Question 5.2 Suppose that the next-of-kin of the cases and the controls misreported the true physical activity status in both groups with the same error probabilities. Would the result of such misreporting among cases and controls make the value for the measure of association in the previous question be:

2. Biased towards the null (i.e. the reported value in Question 5.1. underestimates the true effect of physical activity on cancer)

As the errors occur randomly, both types of misclassification (active to not active, not active to active) occur similarly in both groups. Therefore, it is a nondifferential misclassification. This type of misclassification tends to bias the result towards null.

Question 5.3 Suppose that the next-of-kin of the cases over-reported the actual number of physically active cases at the start of the PHS but that the controls correctly reported their true physical activity at the start of the PHS. Would the result of such over-reporting among cases make the value for the measure of association in the previous question be:

2. Biased towards the null (i.e. the reported value in Question 5.1. underestimates the true effect of physical activity on cancer)

The over-report means there were fewer physically active people among the cases than actually shown in the data. As it occurred exclusively in the cases, it is a differential misclassification. For example, if there were only 20 physically active people among the cases, the odds ratio would have been:

\( (20 * 50) / (50 * 80) = 0.25 \).

This means that the effect of physical activity was actually more prominent. Thus, the unidirectional over-reporting of the number of physically active people among the cases only, but not in the controls, caused a bias towards null.

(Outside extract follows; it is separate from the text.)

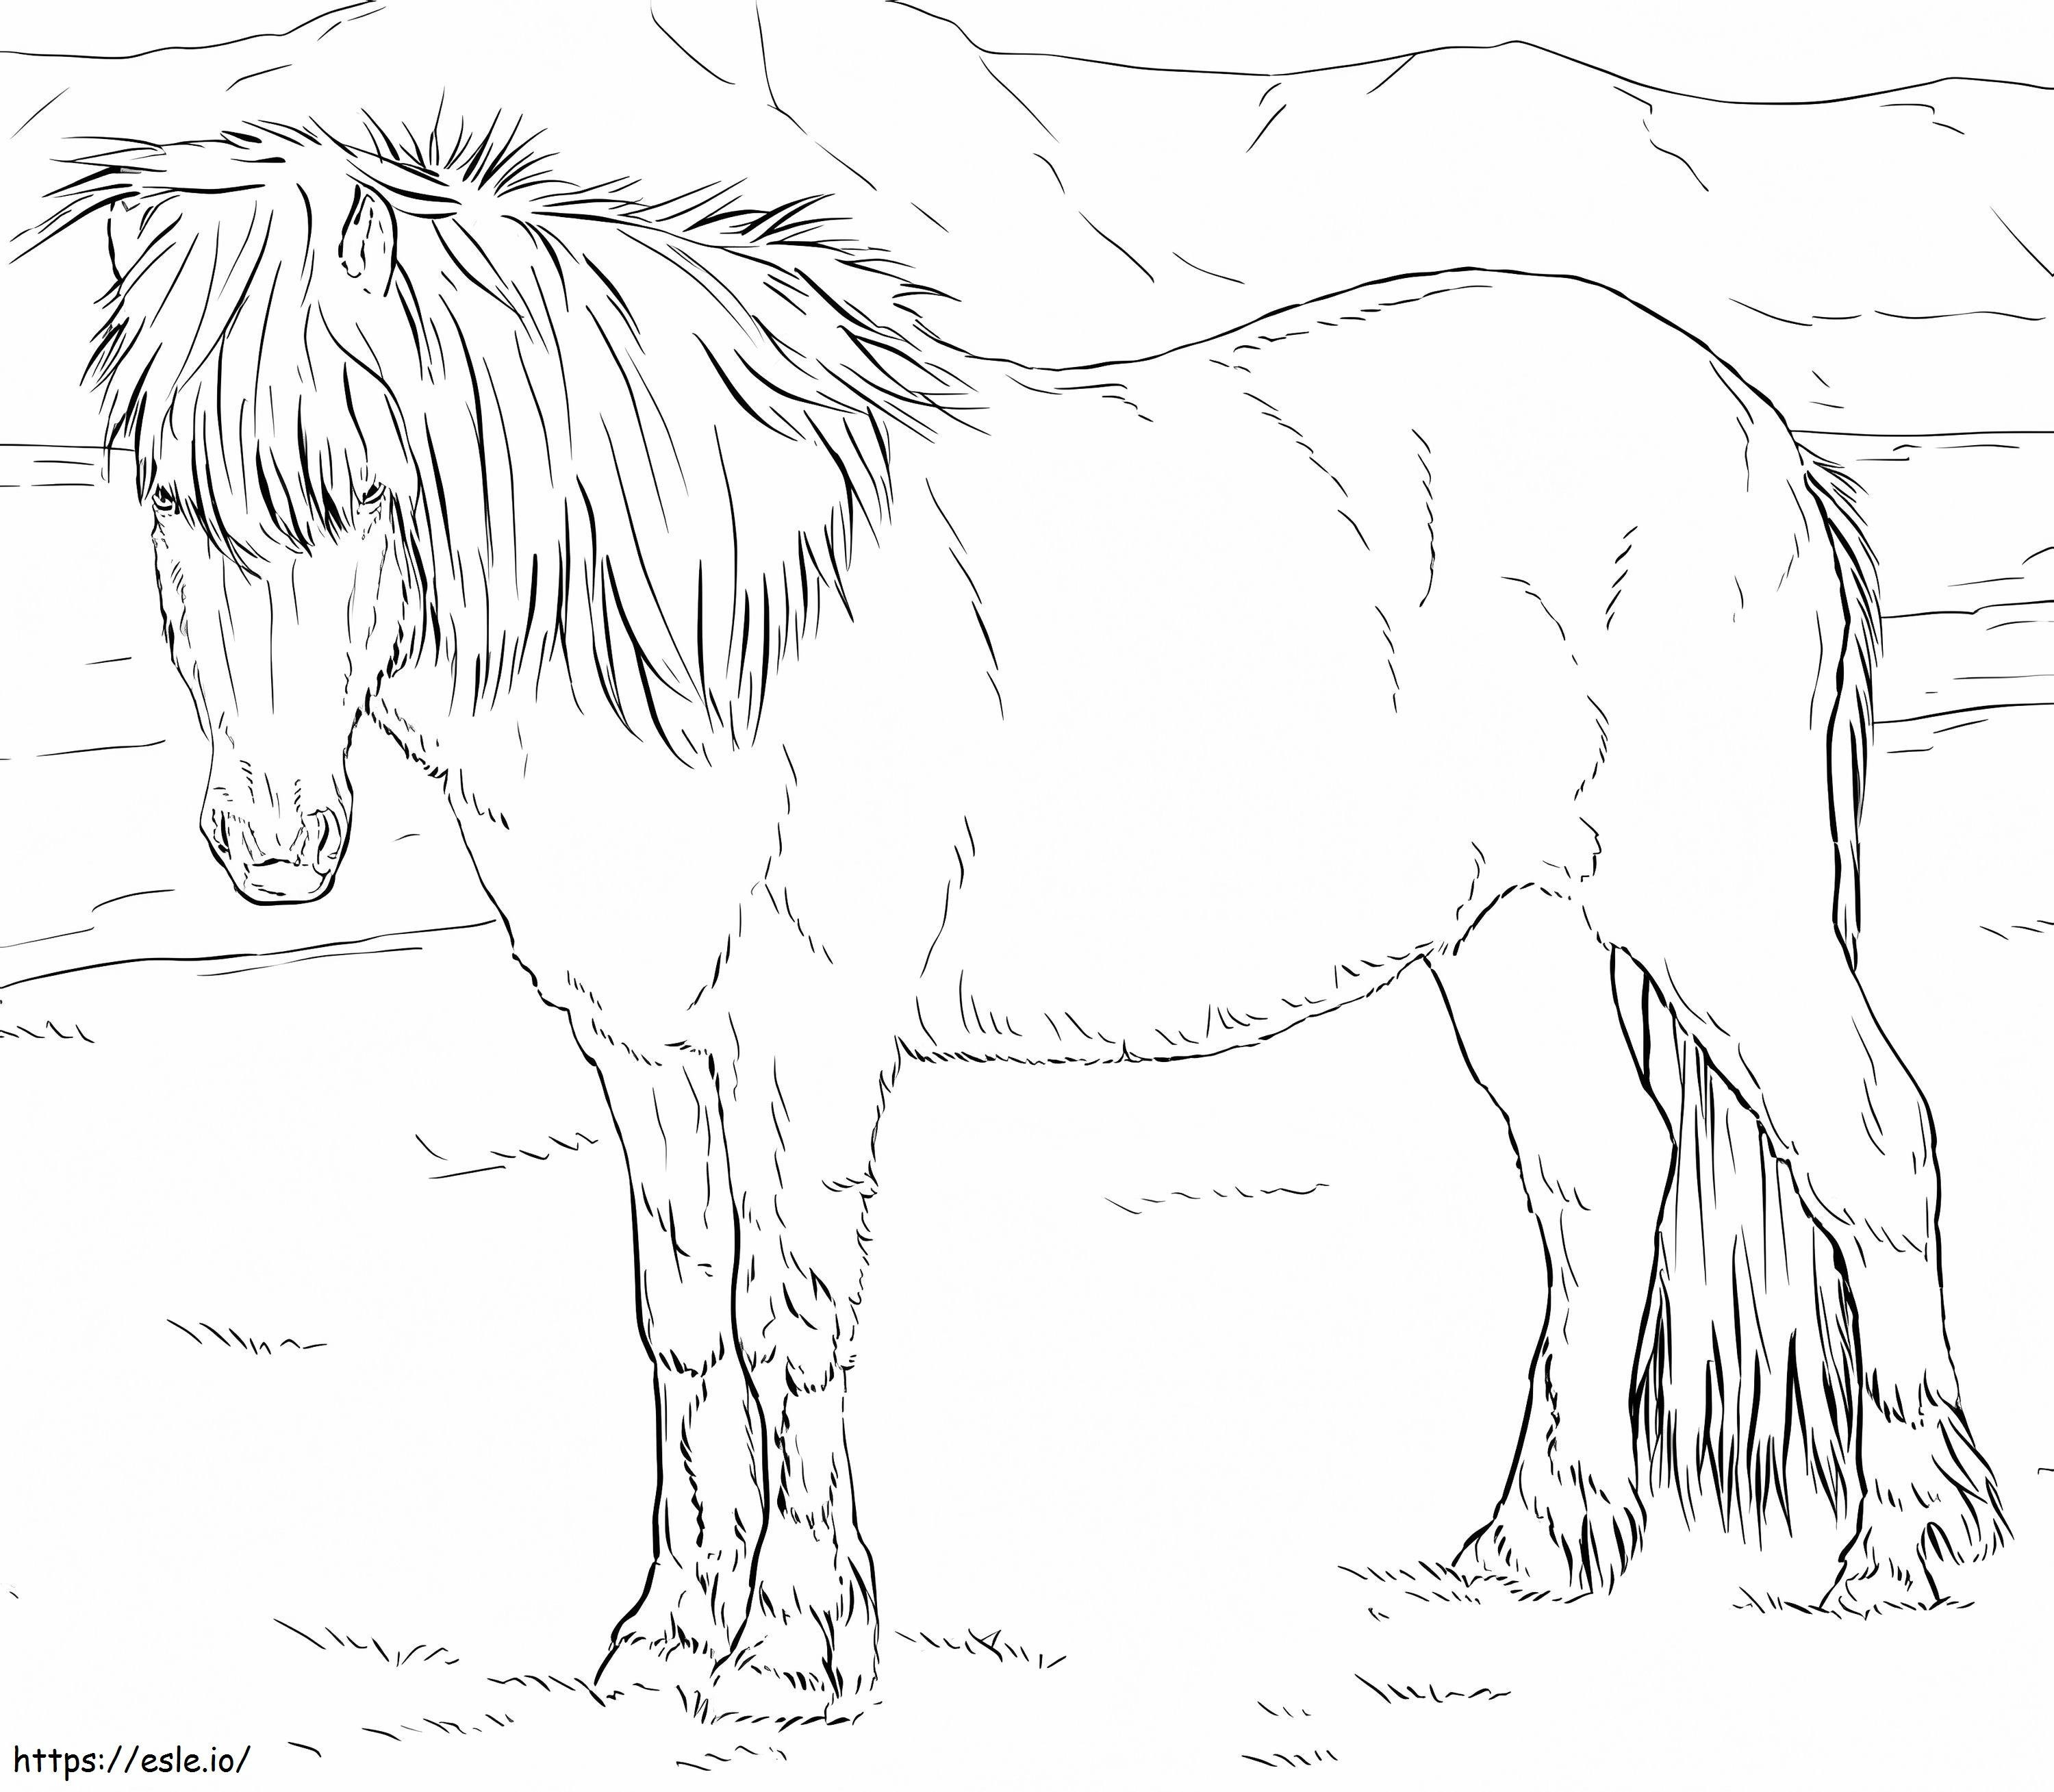 Cavalo islandês realista para colorir

Question 5.4 Concerned that the next-of-kin of diseased subjects might recall past physical activity differently than alive subjects, suppose you enrolled deceased subjects as controls and obtain information of their level of physical activity at the start of the PHS from their next-of-kin (as done for the 100 cases). Suppose that you enroll 100 controls who died from coronary heart disease as controls and that next of kin reported that 20 of these controls were physically active at the start of the PHS.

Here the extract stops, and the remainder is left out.